If we simply checked all pairs such that one point was on the left and one was on the right, we’d still end up with \(\Theta(n^2)\). Instead, we filter out many pairs which cannot be the closest.

Idea: If the recursive calls find pairs at distances \(\delta_L, \delta_R\) from each other on the left and right sides respectively, then we can ignore all points that are further than \(\delta = \min(\delta_L, \delta_R)\) from the dividing line.

_images/divide4.png

Now, we can consider only the points in the “tube”. We can find the points inside this tube in linear time, since the points are sorted by x-coord already.

Idea 2: On both the left and right, no pairs are closer than \(\delta\) together. By drawing boxes of size \(\delta/2 \times \delta/2\), there is at most one point in each box.

_images/divide5.png

Then, any point on the left can only be within \(\delta\) of a finite number of boxes on the right.
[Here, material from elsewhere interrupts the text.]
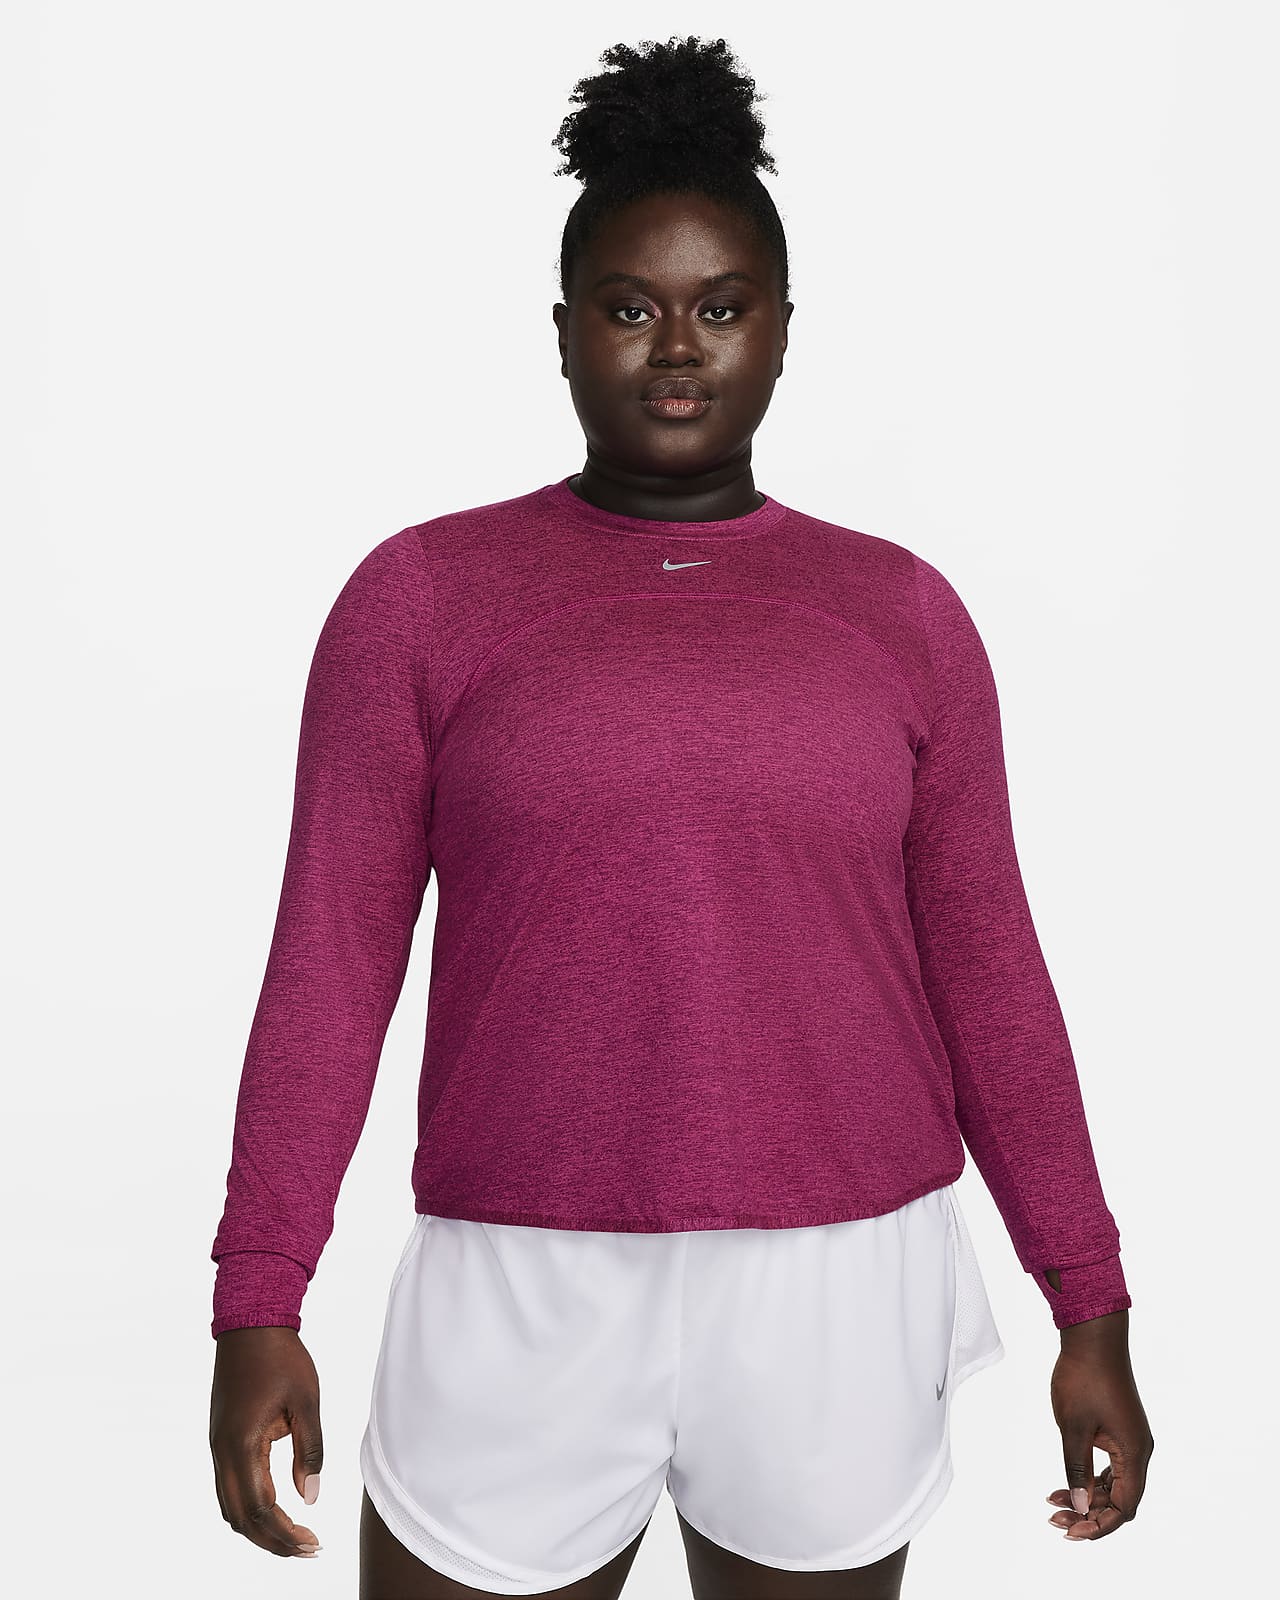 Nike Women's Dri-Fit Swift Element UV Crew-Neck Running Top, Fireberry, Size: 2x

So, we’ll take the points in the left and right halves of the tube, and consider them in y-coordinate order (sort by y at beginning of algorithm so this is linear). For each point, compute its distance to the next 15 points in the order, keeping track of the closest pair found so far.

Note

Why 15? Because we drew these boxes, if a point is to be within \(\delta\) of the considered point, it must be within one of the next 15 boxes. We check 15 points for the worst case scenario, if every single box is full.

_images/divide6.png

If we find a pair that is closer than \(\delta\), return that pair; otherwise return the pair at distance \(\delta\).

Runtime

  • First, we sort by x and y at the beginning: \(2n\log n = \Theta(n \log n)\)
    • This doesn’t affect the recurrence, since it only happens once, not at each level of recursion.

  • Recursive part: 2 calls for the left and right: \(2T(n/2)\)

  • Then a linear amount of work to filter out points not in the tube: \(\Theta(n)\)

  • Then linear amount of work again, comparing each point to the 15 next points: \(15n = \Theta(n)\)

So we have \(T(n)=2T(n/2)+\Theta(n)\), which is \(T(n)=\Theta(n \log n)\).